In applications using MTL4500 Series, where the environment has a high humidity, the mounting backplanes should be specified to include conformal coating.
To follow the guidelines pertaining to operation and maintenance of intrinsically safe equipment in a hazardous area, yearly periodic audits of the installation are required by the various codes of practice. In addition, proof-testing of the loop operation to conform with functional safety requirements should be carried out at the intervals determined by safety case assessment.
Proof testing must be carried out according to the application requirements, but it is recommended that this be carried out at least once every three years.
Refer to Appendix B for the proof testing procedure of the MTL4500 or MTL5500 modules.
Note that there may also be specific requirements laid down in the E/E/PE operational maintenance procedure for the complete installation.

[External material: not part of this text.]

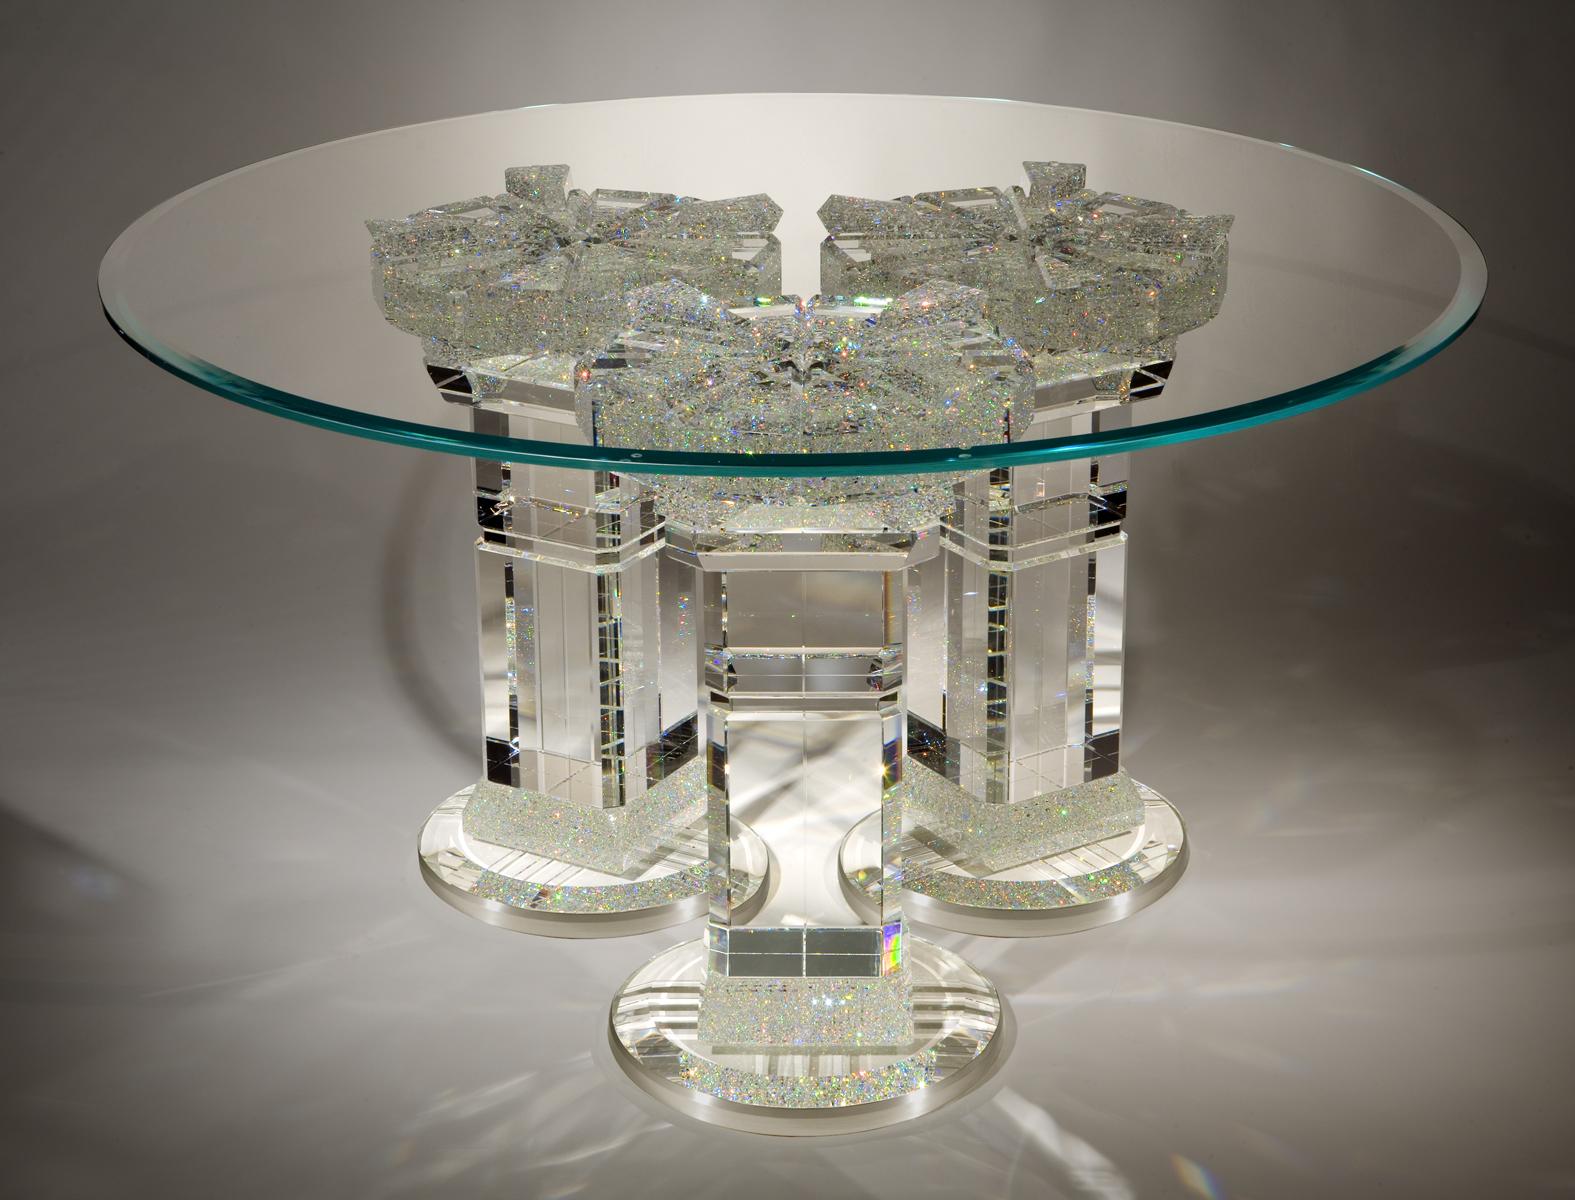 ... One Of Jon Kuhnu0027s Astonishingly Beautiful Crystal Tables ...
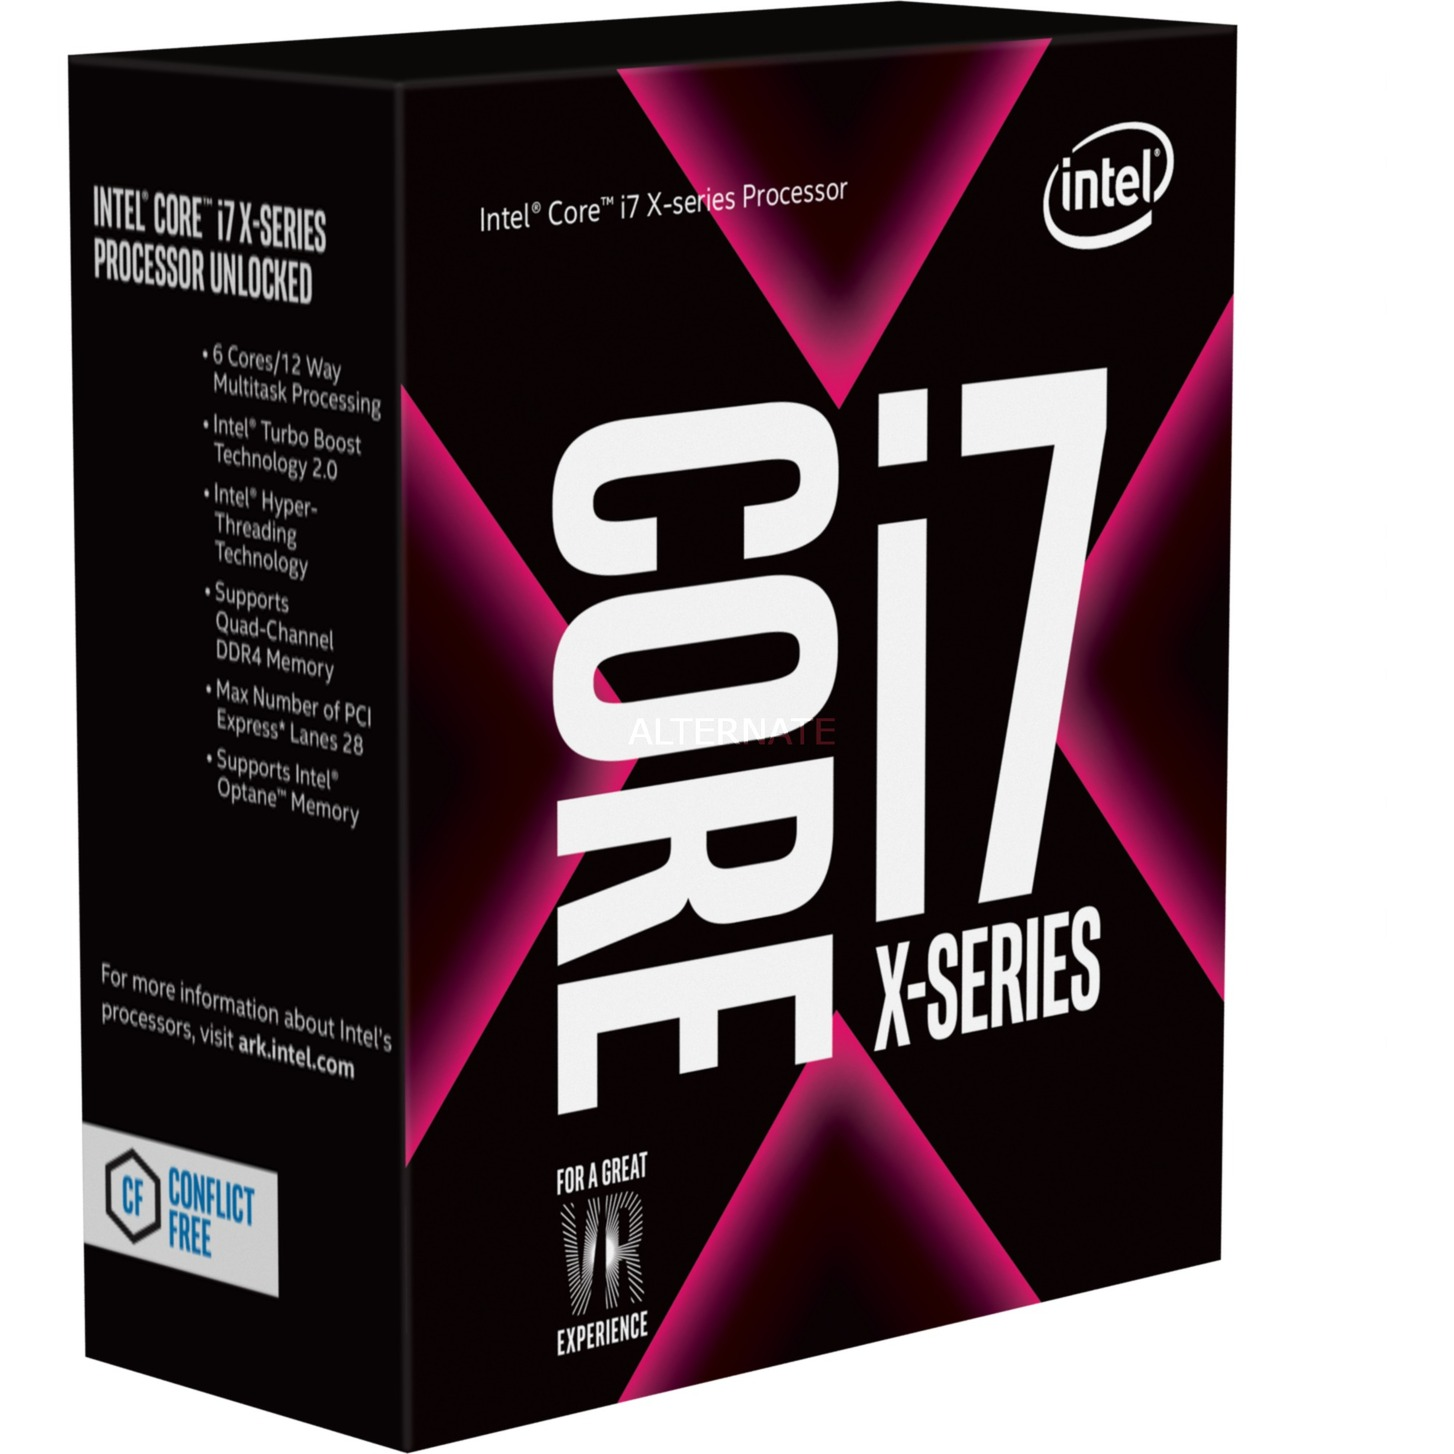 Core i7-7800X X-series Processor (8.25M Cache, up to 4.00 GHz) 3.5GHz 8.25MB L3 Caja procesador

If an MTL4500 or MTL5500 module is found to be faulty during commissioning or during the normal lifetime of the product then such failures should be reported to MTL. When appropriate, a Customer Incident Report (CIR) will be notified to enable the return of the unit to the factory for analysis. If the unit is within the warranty period then a replacement unit will be sent.
Consideration should be made of the normal lifetime for a device of this type which would be in the region of ten years.